When I became an adult, I noticed that children were mostly fine - and appeared to think I was fine. But I seemed not to interest them, nor they me.

Then, through traumatic events affecting a young friend who had just finished college, I learned about "family law" and "child support".

Society's message was loud and clear: unless having a child is the most important priority in your life, do not risk fatherhood (in or out of wedlock) - because if you do and the mother so chooses, we will treat you like a felon on 20-year parole. For one child we will take a quarter (or so) of your pretax income potential. This will not be an additional income tax: it will be an assessment and you will owe it even if you earn less than we expect or are temporarily out of work. It will not actually go to the child, nor need any of it be spent on the child. It may greatly exceed the cost to raise the child yourself, and we will not limit it. We will subject you to regular intrusive monitoring of your income potential. If you fail to pay, you will go to jail. You will be accorded the rights of an income-generating human property (and there's a name for that). And, if you get married, or have more than one child, all that's just the beginning!

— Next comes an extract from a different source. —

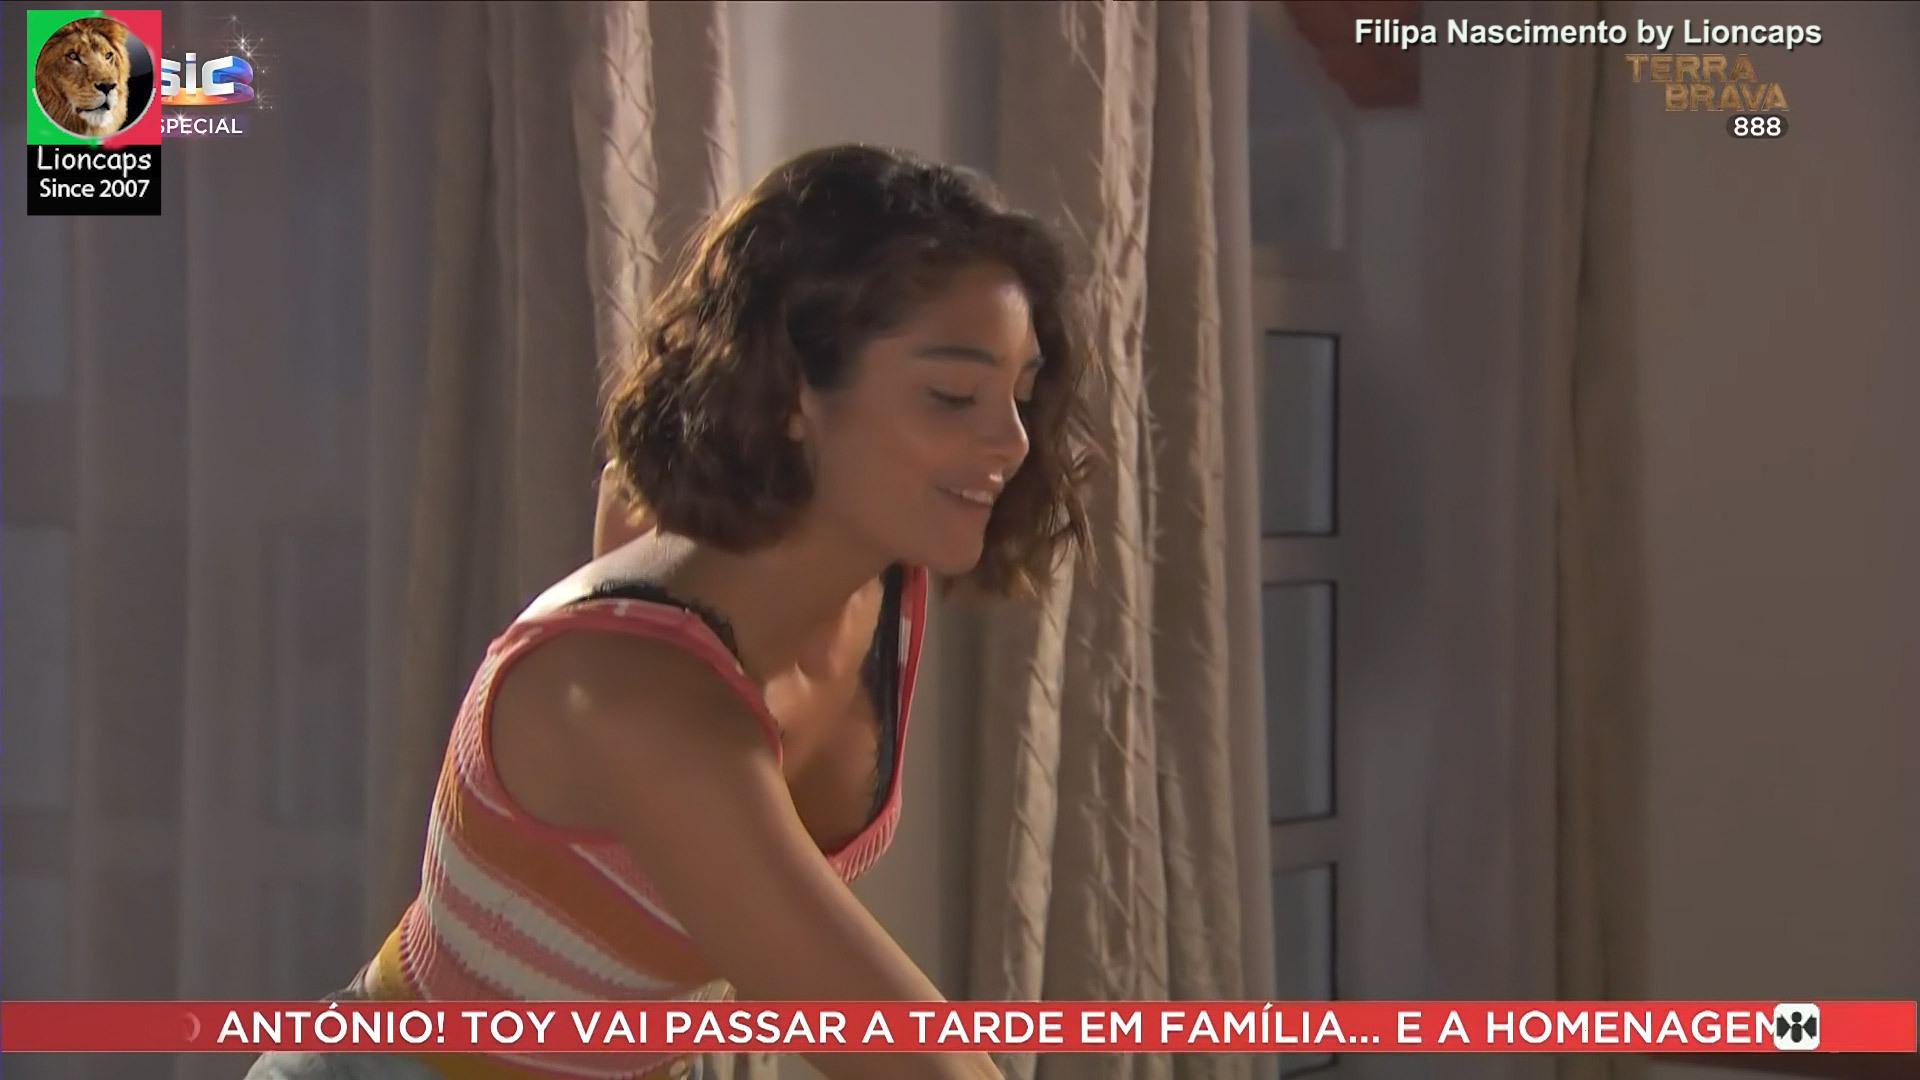 filipa_nascimento_terra_brava_lioncaps_01_12_2020 (6).jpg

Like many young adults, I dreamed of finding "the one" and although I wasn't enthusiastic about children I knew that "the one" was likely to want some, which was a tradeoff I could make peace with. Kids, while uninteresting, seemed generally okay. I might even like them, who knew? It might be fun.

But at that price?

Before I was 30 - decades ago, now - I had very reluctantly arrived at my answer. I abandoned the search for "the one". I do not have children. Yes, I might well have been happier on the traditional path, had it worked out well. But society made its preferences very clear, and the penalties very compelling. I did what society wanted - so don't come to me now and ask why.